The IKK complex is composed of at least IKK-alpha , IKK-beta , and IKK-gamma /Nemo subunits and a scaffolding protein named IKK complex-associated protein (IKAP) (102). Differences are seen in the roles of the IKK complex proteins from in vitro studies compared with in vivo studies. In vitro studies suggest that all of the IKK complex proteins are critical in mediating/controlling cytokine-induced Ikappa B phosphorylation (23, 81, 96, 128, 134). However, recent findings using gene deletion technology provide a different picture regarding the contribution of each kinase in NF-kappa B activation in vivo (78). From these studies, it appears that IKK-beta , but not IKK-alpha , mediates cytokine-induced NF-kappa B activation (74), whereas the role of IKK-alpha in vivo seems to be restricted to transmitting signals involved in skeletal development (51, 115). These results suggest that strategies aimed at manipulating the cytokine inflammatory cascade during inflammation should target IKK-beta rather than IKK-alpha .

Another question concerns which upstream kinase mediates cytokine-inducible NF-kappa B activation in vivo. A puzzling observation is that IKK-beta kinase activity is preferentially activated by the mitogen-activated protein kinase kinase kinase-1 (MEKK-1), whereas the NF-kappa B-inducing kinase NIK has a higher affinity for IKK-alpha (83, 85). Gene deletion experiments with MEKK-1 and NIK would help clarify the physiological contribution of each kinase in cytokine-induced NF-kappa B activation. Interestingly, adenoviral-mediated delivery of a constitutively active NIK (Ad5NIK) strongly induces Ikappa B phosphorylation/degradation, NF-kappa B activation, and IL-8 secretion in Caco-2 cells (64). This result suggests that NIK activates the critical IKKbeta subunit responsible for NF-kappa B induction.

There are additional levels of regulation for NF-kappa B induction by cytokine-induced phosphorylation. Regulation of IKKbeta activity appears to be mediated by a cluster of serine residues located next to the helix-loop-helix (HLH) domain (27). The progressive phosphorylation of these serine residues seems to weaken the interaction between the HLH domain and the kinase domain, resulting in a decrease in kinase activity and a consequent decrease in IKKbeta phosphorylation activity.

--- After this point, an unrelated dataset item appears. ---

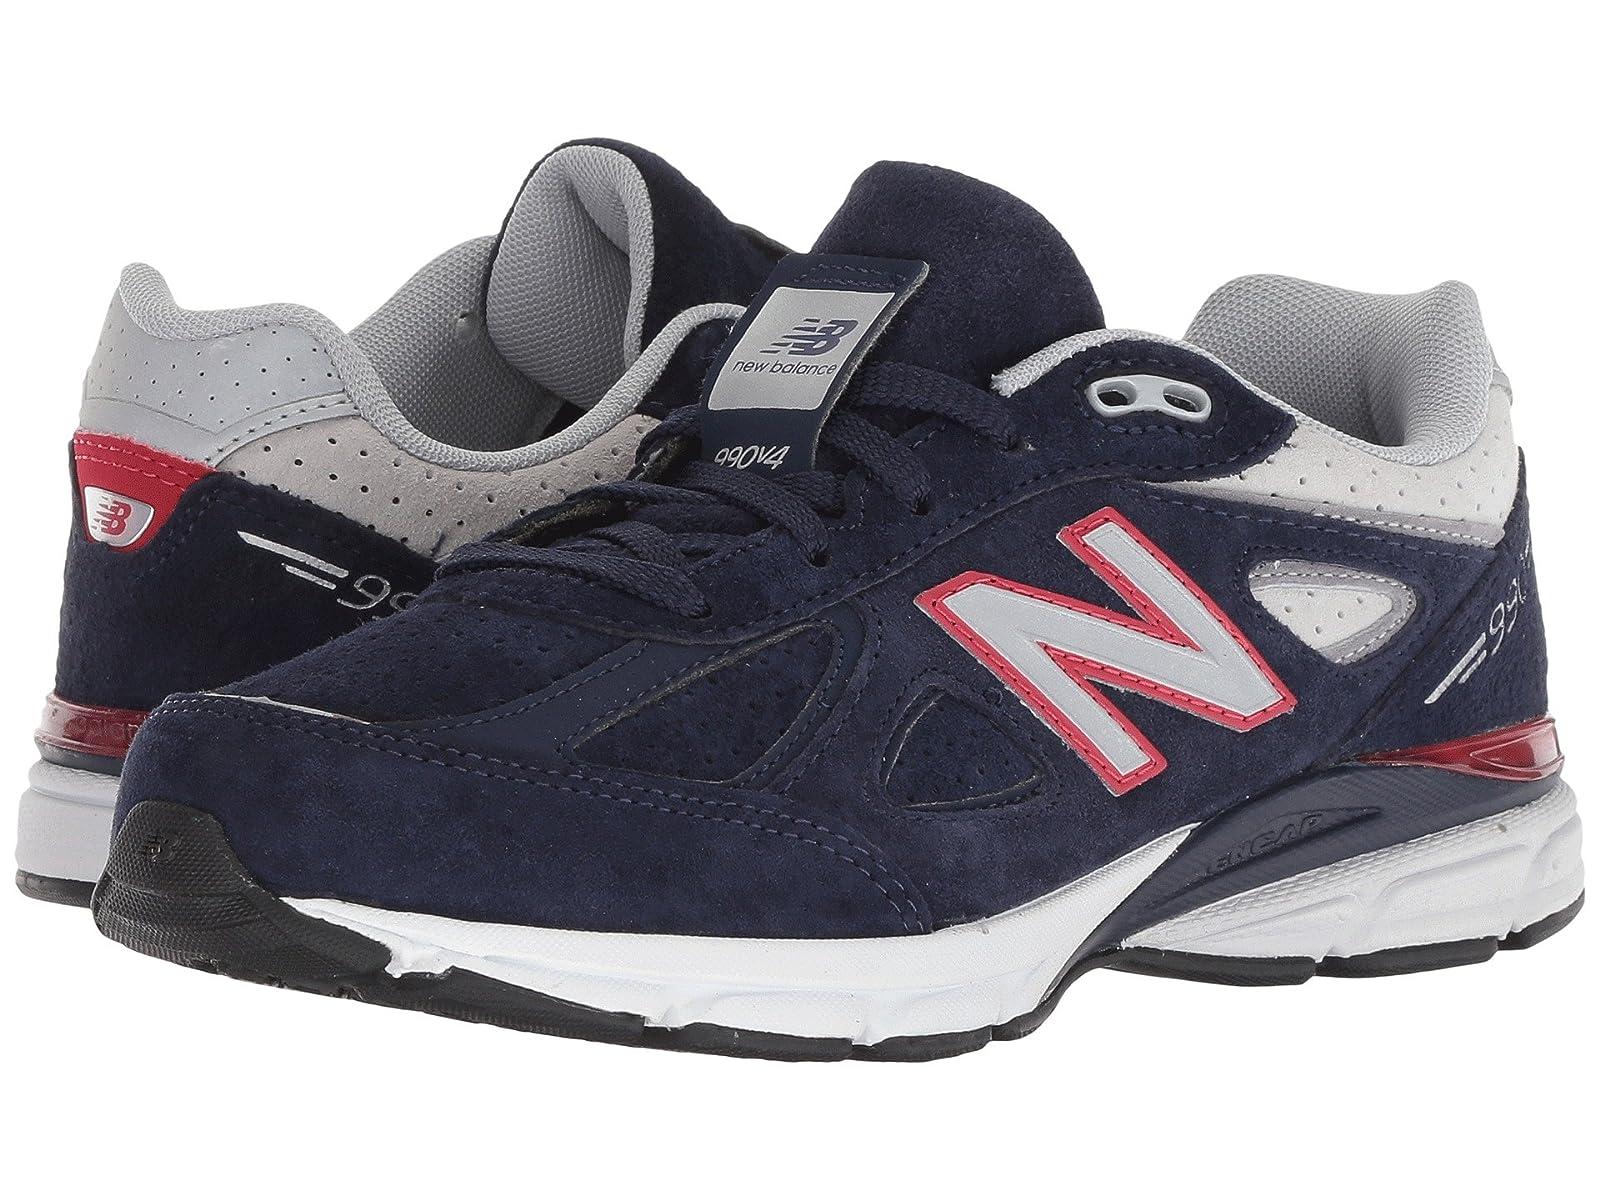 New Balance Kids KJ990v4G (Big Kid)Atmospheric grades have affordable shoes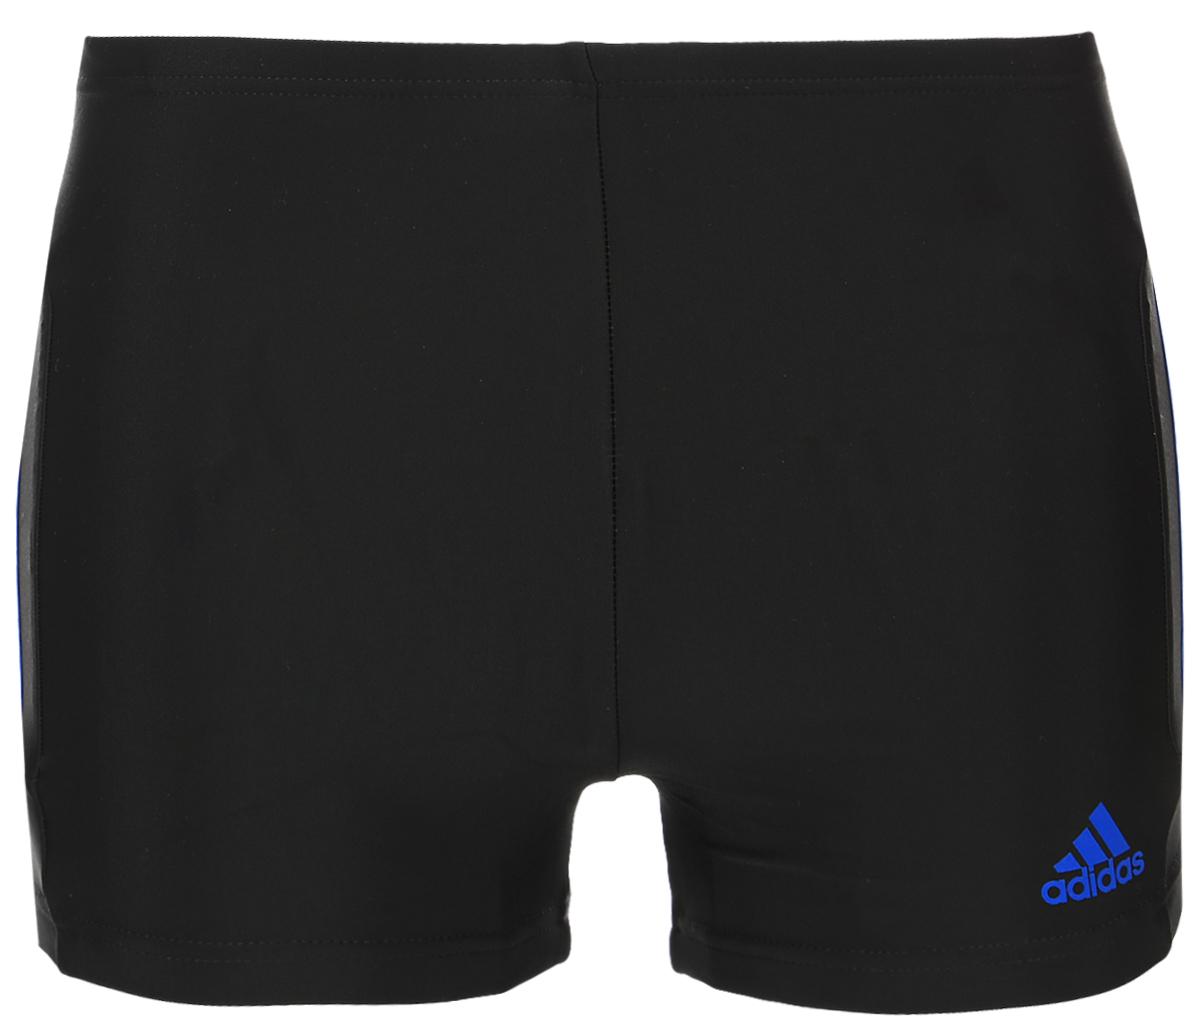 Плавки-боксеры мужские adidas Inf Ec3Sm Bx, цвет: черный. BP9520. Размер 4 (46)BP9520Плавательные мужские боксеры aadidas Inf Ec3Sm Bx выполнены из полиамида с добавлением эластана. Эти удобные мужские боксеры помогут справиться даже с самыми тяжелыми тренировками. Они сделаны из материала InfIinitex, который сопротивляется воздействию хлора. Оформлена модель классическими тремя полосами и логотипом бренда на левом боку.

Bacterial products such as LPS and peptidoglycan-polysaccharide (PG-PS) are found in high concentrations in the colon and are able to stimulate IECs (67). Therefore, the elucidation of bacterial products signal transduction through the Ikappa B/NF-kappa B system is highly relevant for mucosal homeostasis. Recently, it was demonstrated that LPS signaling involved the Toll-like receptors (TLR) (48, 129). Moreover, LPS was shown to signal through the NF-kappa B system by utilizing components of the IL-1 pathway such as MyD88, IRAK, and TRAF-6 in endothelial and monocytic cell lines (135). Therefore, it would be important to determine whether LPS and PG-PS signal through the NF-kappa B system in a similar manner in IECs.

Because the signaling cascade leading to NF-kappa B activation involves the participation of multiple proteins, this complex network provides many potential targets for therapeutic intervention. Recent studies have focused on the role of NF-kappa B in the clinically important field of intestinal inflammation.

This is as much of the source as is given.